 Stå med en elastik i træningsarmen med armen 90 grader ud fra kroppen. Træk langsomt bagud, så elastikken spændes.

● ● ● ● ● ● ●

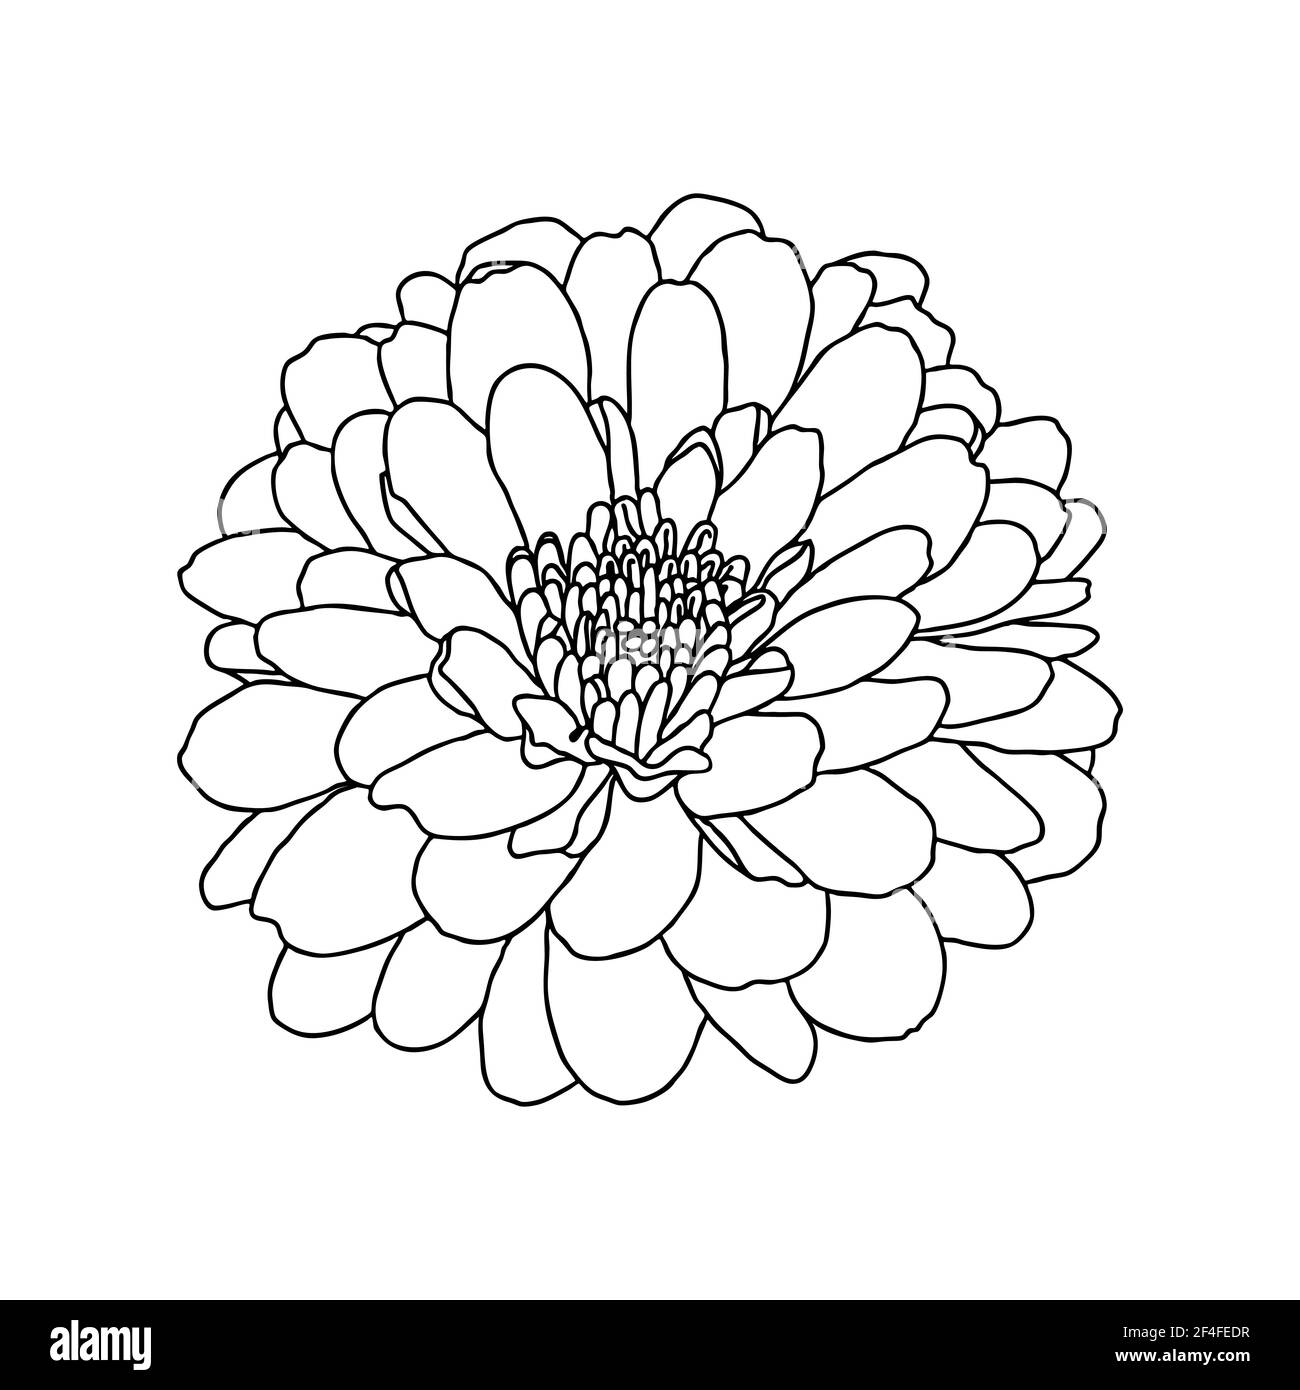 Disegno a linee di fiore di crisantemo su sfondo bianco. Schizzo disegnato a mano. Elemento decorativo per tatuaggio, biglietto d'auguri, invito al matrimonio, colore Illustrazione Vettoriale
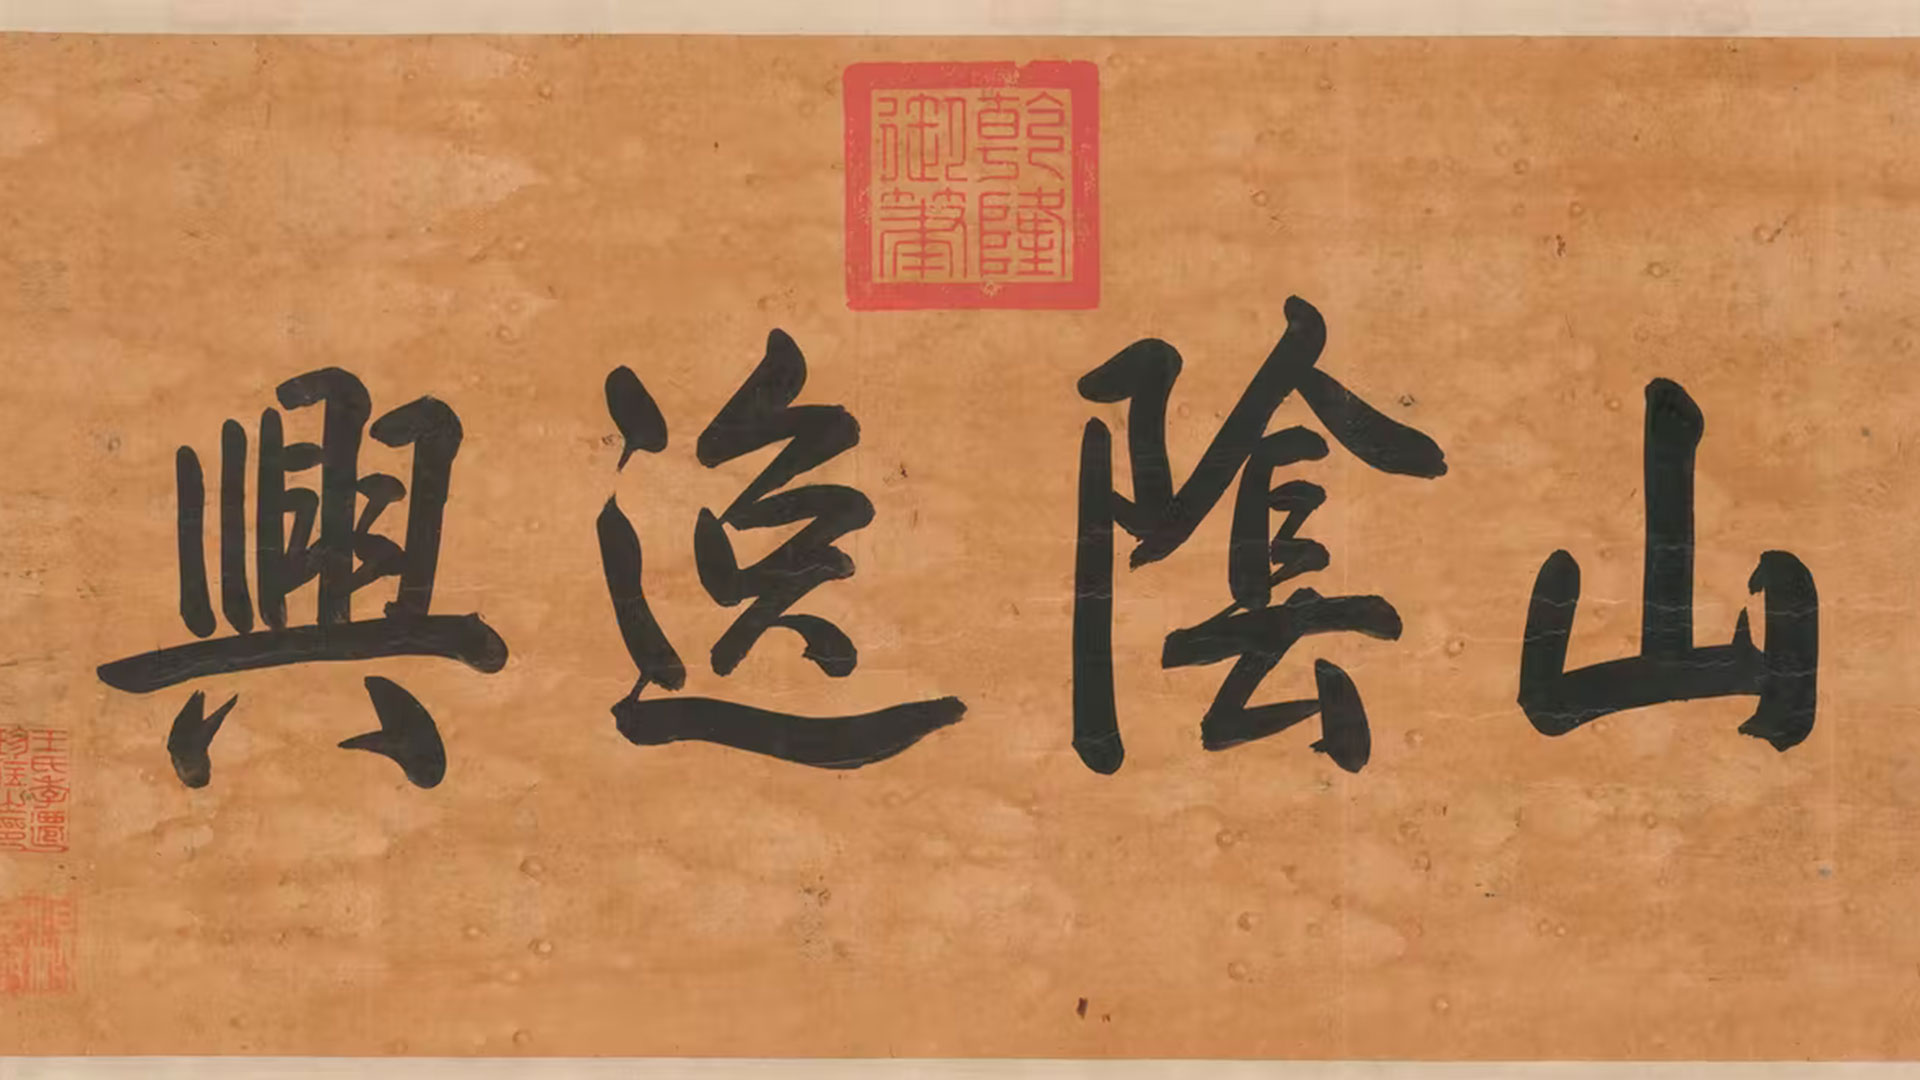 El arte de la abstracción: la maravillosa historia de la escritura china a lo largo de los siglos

● ● ● ● ● ● ●

- _GOAL OF THE EXERCISE_
What you return must match the lines above from the one with "Disegno a linee" through the one with "El arte de la" exactly, with both ends included and the pictures excluded.

- _RESULT OF THIS TASK_
 Disegno a linee di fiore di crisantemo su sfondo bianco. Schizzo disegnato a mano. Elemento decorativo per tatuaggio, biglietto d'auguri, invito al matrimonio, colore Illustrazione Vettoriale
 El arte de la abstracción: la maravillosa historia de la escritura china a lo largo de los siglos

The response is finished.